Research on robotic manipulation has mainly focused on manipulating rigid objects so far. However, many important application domains require manipulating deformable objects, especially deformable linear objects (DLOs), such as ropes, cables, and sutures. Such objects are far more challenging to handle, as they can exhibit a much greater diversity of behaviors. We have developed a new motion planner for manipulating DLOs and tying knots (self-knots and knots around simple static objects) using cooperating robot arms. The planner constructs a topologically-biased probabilistic roadmap in the DLO's configuration space. Unlike in traditional motion planning problems, the goal is a topological state of the world, rather than a geometric one. The implemented planner has been tested in simulation to achieve various knots like bowline, neck-tie, bow (shoe-lace), and stun-sail. Possible applications of our planner are robotized suturing in medical surgery and assembly of cable harnesses in automobile industries.

Adaptive Dynamic Collision Checking

Static collision checking amounts to testing a given configuration of objects for overlaps. In contrast, the goal of dynamic checking is to determine whether all configurations along a continuous path are collision-free. While effective methods are available for static collision detection, dynamic checking still lacks methods that are both reliable and efficient. A common approach -- frequently used in PRM planners -- is to sample paths at some fixed, pre-specified resolution and statically test each sampled configuration. But this approach is not guaranteed to detect collision whenever one occurs, especially when objects are thin (end-effector of the IRB2400 robot in the leftmost and fibers in the mid figure). One may increase the reliability of the approach by refining the sampling resolution along the entire path, but a finer resolution increases the running time of the collision checker. We introduce a new method for testing straight path segments in configuration space, or collections of such segments, which is both reliable and efficient. This method locally adjusts the sampling resolution (rightmost figure) by comparing lower bounds on distances between objects in relative motion with higher bounds on lengths of curves traced by points of these moving objects. Several additional techniques and heuristics further improve the checker's efficiency in scenarios with many moving objects (e.g., articulated arms and/or multiple robots) and high geometric complexity. Our new method is general, but particularly well suited for use in PRM planners. Extensive tests, in particular on randomly generated path segments and on multi-segment paths produced by PRM planners, show that the new method compares favorably with a fixed-resolution approach at "suitable" resolution, with the enormous advantage that it never fails to detect collision.

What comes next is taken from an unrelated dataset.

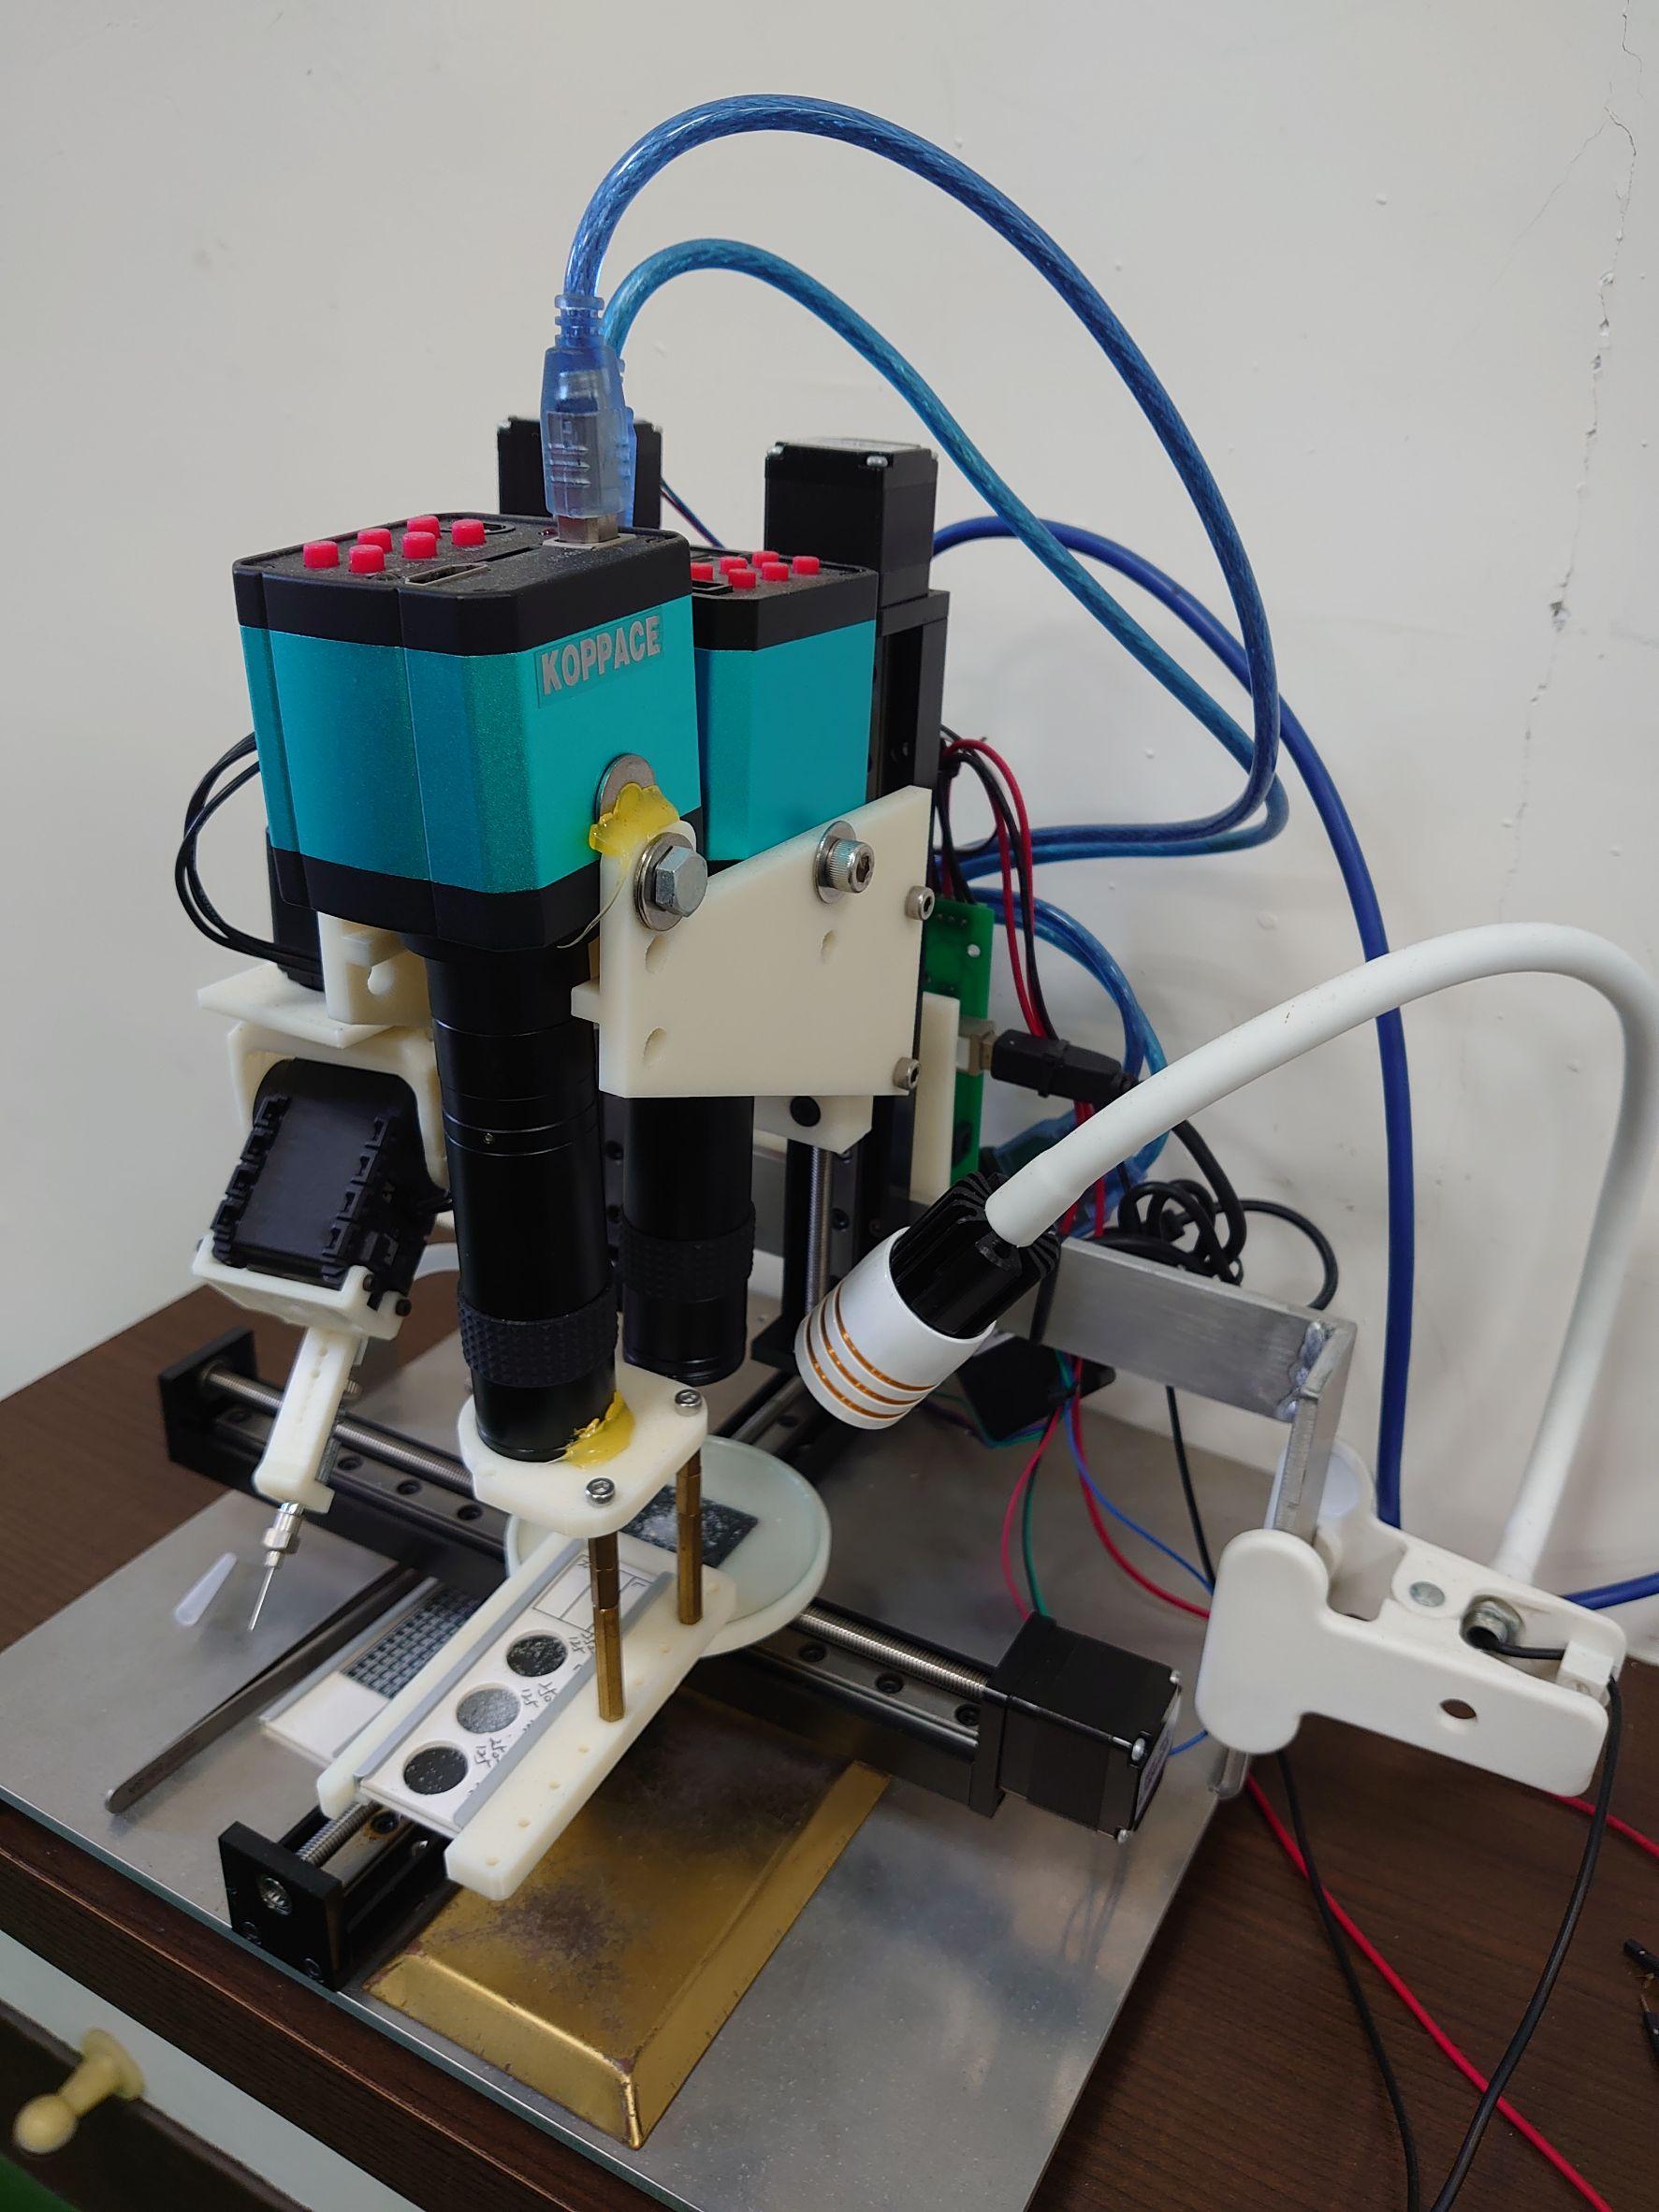 海洋微體生物檢選與焦點疊合自動攝像系統

Small Step Retraction PRM Motion Planner

PRM planners have been successfully used to plan complex robot motions in configuration spaces of various dimensionalities. But their efficiency decreases dramatically in spaces with narrow passages. Here, we investigate a new method - which we call small-step retraction - that helps PRM planners find paths through such passages. The method relies on the empirical observation that widening narrow passages by only a small amount greatly facilitates the task of sampling configurations into them. So, it consists of slightly "fattening" the robot's free space, constructing a roadmap in the fattened free space, and finally repairing portions of this roadmap by retracting them out of collision into the actual free space. The fattened free space is not explicitly computed. Instead, the geometric models of the workspace objects (robot links and/or obstacles) are "thinned" around their medial axis (leftmost figure). A robot configuration lies in fattened free space if the thinned objects do not collide at this configuration. Two repair strategies are proposed. The "optimist" strategy waits until a complete path has been found in fattened free space before repairing it. Instead, the "pessimist" strategy repairs the roadmap as it is being built. The former is usually very fast, but may fail in some pathological cases where the computed path crosses "false" passages. The latter is more reliable, but not as fast. A simple combination of the two strategies yields an integrated planner that is both fast and reliable. This planner was implemented as an extension of a pre-existing single-query PRM planner, SBL (see MPK toolkit). Comparative tests on various examples show that it is significantly faster (sometimes by several orders of magnitude) than SBL.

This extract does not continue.